1 mois, 1 bénévole : portrait de Christine

Brève

Publié le jeudi 31 décembre 2020

3ème épisode de la série « 1 mois 1 bénévole » ! Aujourd’hui c’est au tour de Christine Lapeyre de nous parler de son histoire avec son club de cœur. Passée par presque tous les rôles au sein du club, elle nous raconte l’évolution du CO au fil des années, son engagement de bénévole et sa vie de femme et de maman de joueur.

Comment vous avez découvert le rugby et le CO ?

J’ai toujours été dans le rugby. On regardait les matchs avec mes 3 frères et mon père quand j’étais plus jeune. A 18 ans, je jouais avec la première équipe féminine du CO. On s’entrainait en même temps que les espoirs du CO, puis un jour un n°6, un certain Roger Lapeyre, m’a dit que ma position en mêlée n’allait pas.
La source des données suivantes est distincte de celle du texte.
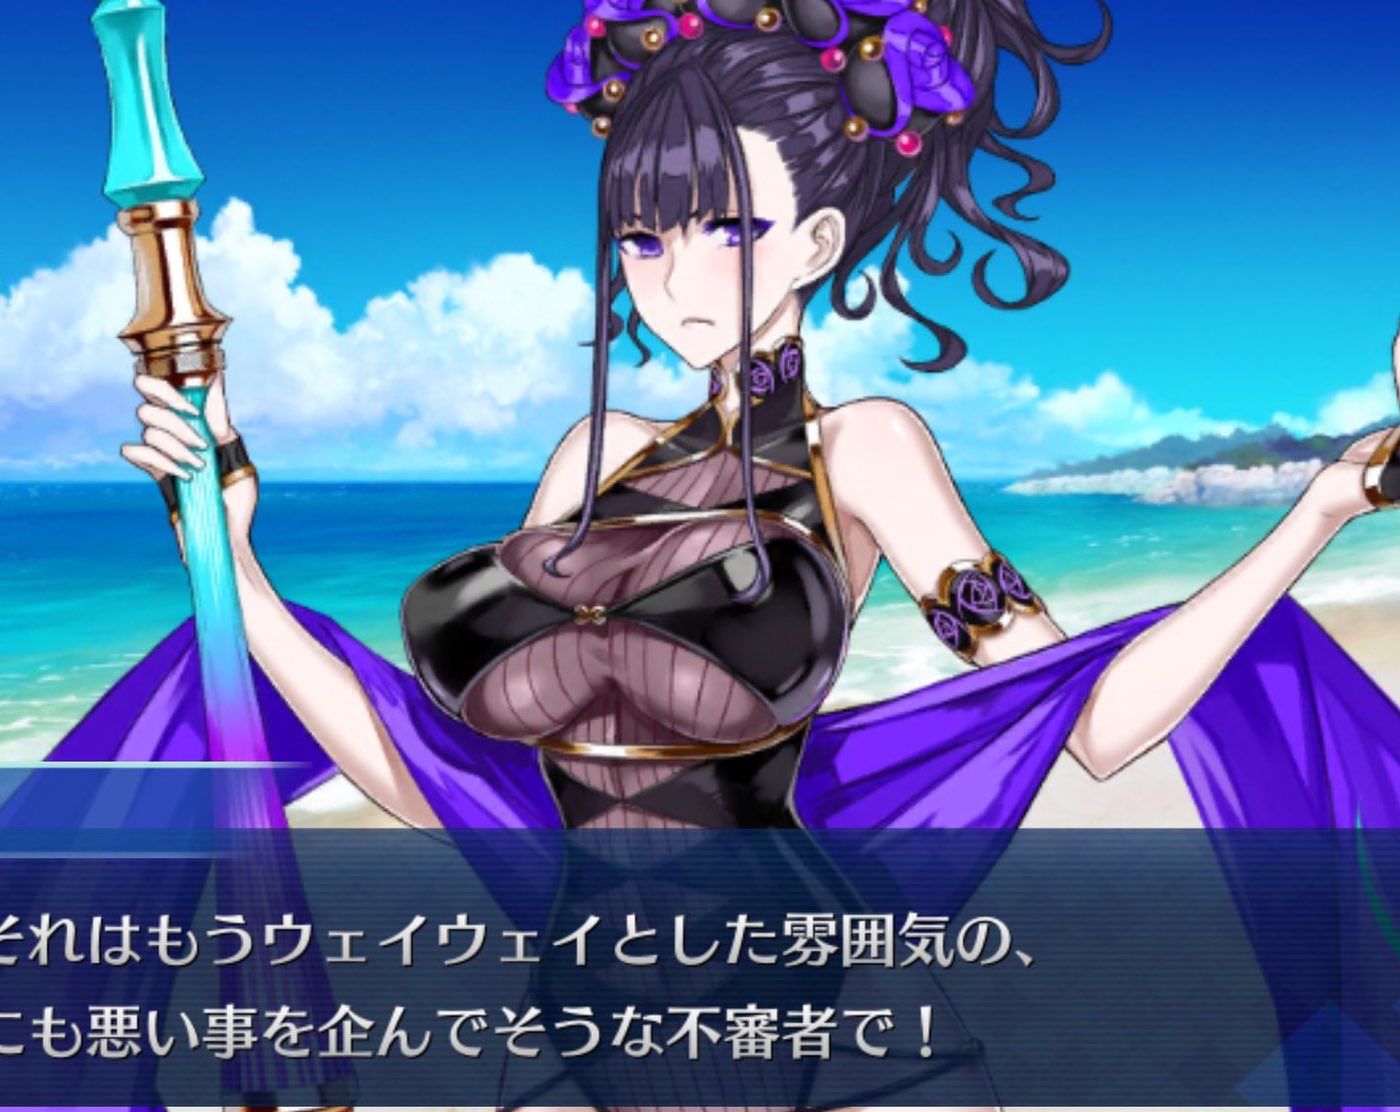 【Sad News】 FGO, the character of the swimsuit event is too sexual, and without age limit is slapped as abnormal 2

Ça fait plus de 35 ans qu’on se supporte maintenant ! Le rugby, c’est une grande partie de ma vie de famille, avec mon mari et mon fils Benjamin qui a joué 14 ans en pro. Il a bouclé la boucle au CO l’an dernier en y terminant sa carrière.

Quel était votre métier ?

J’étais institutrice à l’école de Roulandou. J’ai repris récemment le bénévolat, puisque je suis à la retraite.

Depuis combien de temps êtes-vous bénévole ?

Je suis bénévole au CO depuis que j’ai 25 ans. J’ai d’abord voulu suivre mes fils (Benjamin et Jean-Baptiste) qui ont joué au CO jusqu’en Espoirs.

Justement quelle est votre rôle maintenant ?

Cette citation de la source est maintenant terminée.